As the Tories set expectations low for Thursday’s local elections, Labour is in campaign mode. The party has released its third and final party political broadcast ahead of this week’s votes. The theme of the short film is investment vs austerity attempting to lay out the reasoning behind the Labour slogan ‘for the many not the few’. In it, a host offers five members of the public money back that they lost as a result of Tory austerity. Meanwhile, a billionaire is given a £20,000 tax cut. The film goes on to suggest that only the ‘ordinary’ people put the money back in the community – while the billionaire barely notices it and moves it abroad.

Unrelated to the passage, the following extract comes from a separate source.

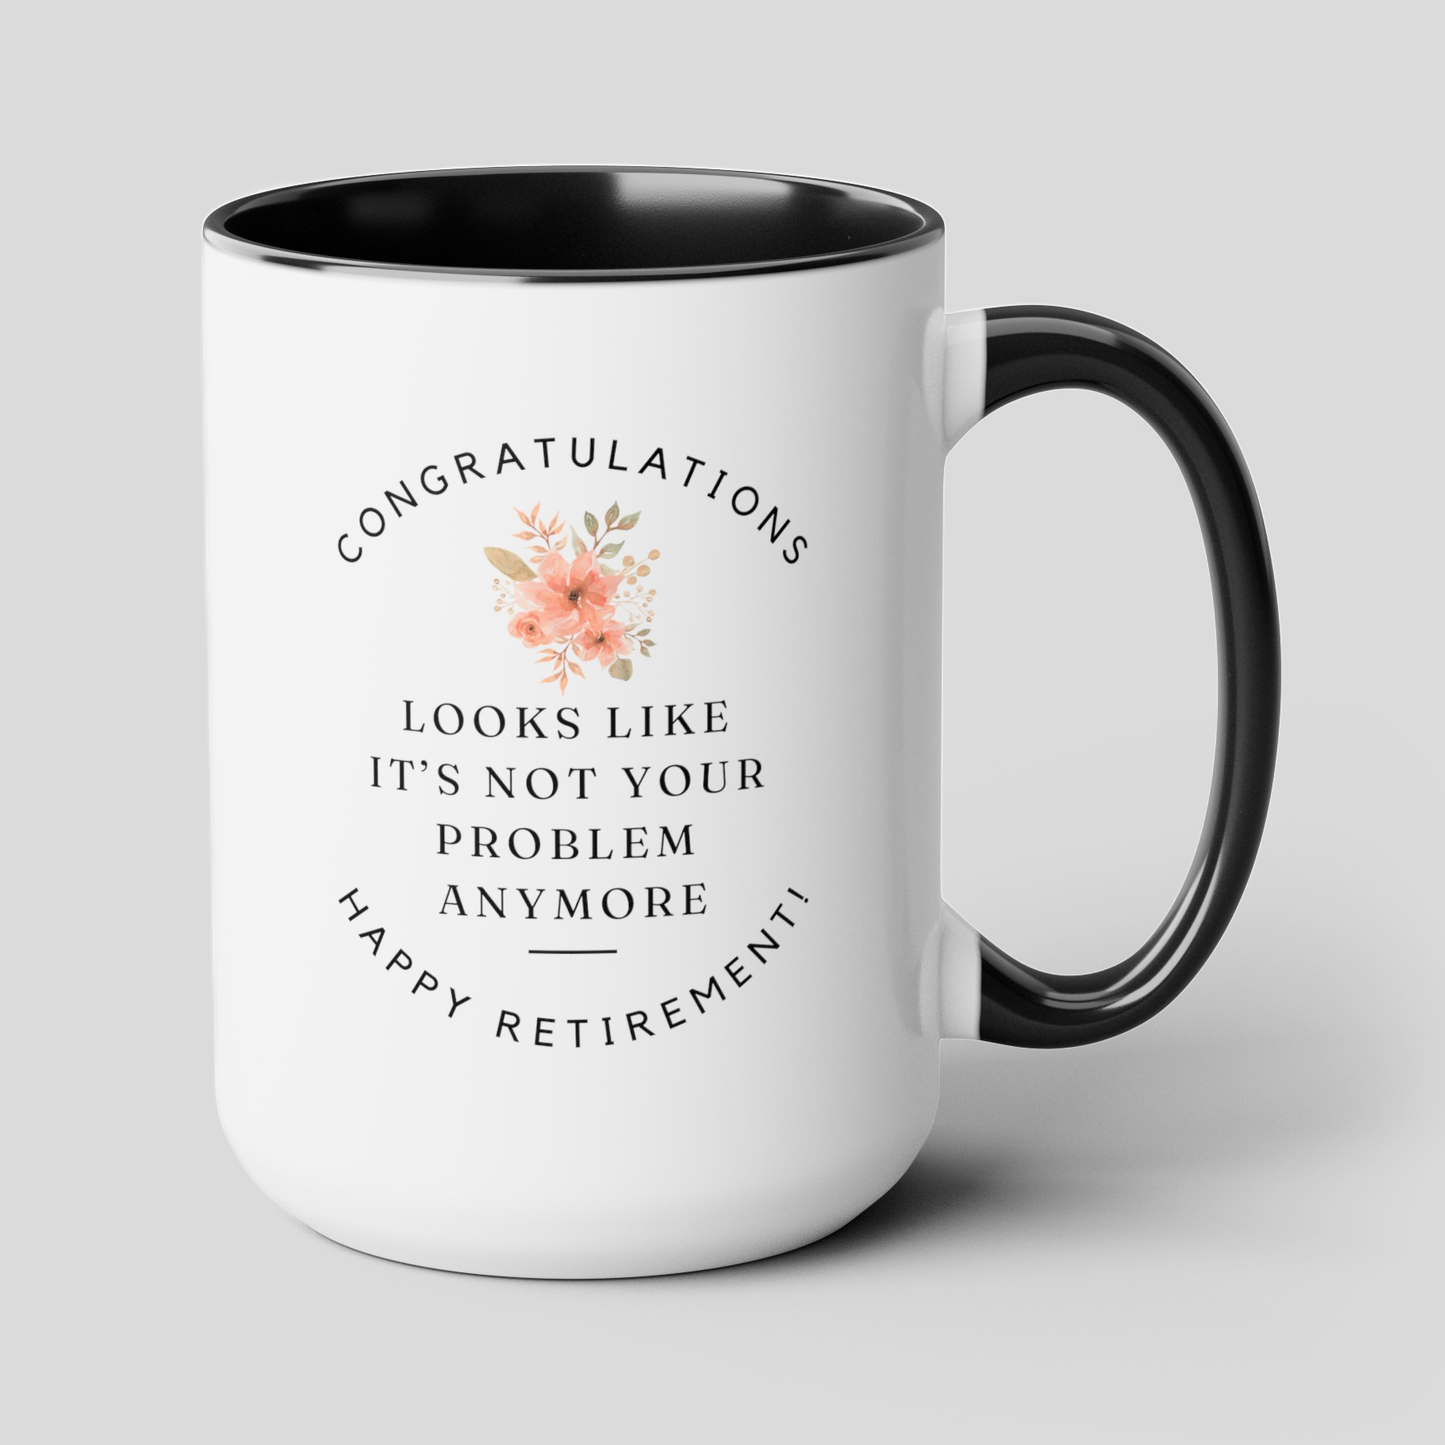 Congratulations Looks Like It's Not Your Problem Anymore Happy Retirement 15oz white with with black accent large big funny coffee mug tea cup gift for retiree her teacher coworker waveywares wavey wares wavywares wavy wares cover

The message behind the smooth broadcast is simple and typical of Labour – it reinforces the Jeremy Corbyn view that society is unequal and that those at the top don’t do their bit to share their wealth. But despite being on brand, it does reveal some of the thinking going on behind the scenes of how Labour plan to make gains in elections away from the issue of Brexit.

With the Tories expected to be punished for failing to deliver Brexit both in the local elections and the European elections, Labour also find the issue at times unhelpful on the doorstep. So far Jeremy Corbyn has managed a Brexit fudge that roughly keeps the party’s coalition of voters together. However, local Labour campaigners report voter apathy on the doors with people fed up, disillusioned and worn down by the Brexit process. That is a problem for the party as they tend to benefit from high turnout – low turnout can disproportionately affect Labour. The current political turmoil could hurt Labour by making it harder to get people out to the ballot box. The prediction that the Tories are on course to lose 800/1000 seats is met with scepticism by many in Labour who see it as serious expectation management.

In order to surmount these obstacles, the view is that there are still some issues that do cut through on the doorstep. These issues are those that have made up the three latest party political broadcasts: austerity isn’t over, police cuts have led crime to rise and austerity – rather than local investment – is preventing ordinary people from rebuilding their community. These are all claims that could be countered by the Tories – the problem is the Conservatives are so consumed in the current Brexit paralysis that they have little to say in response.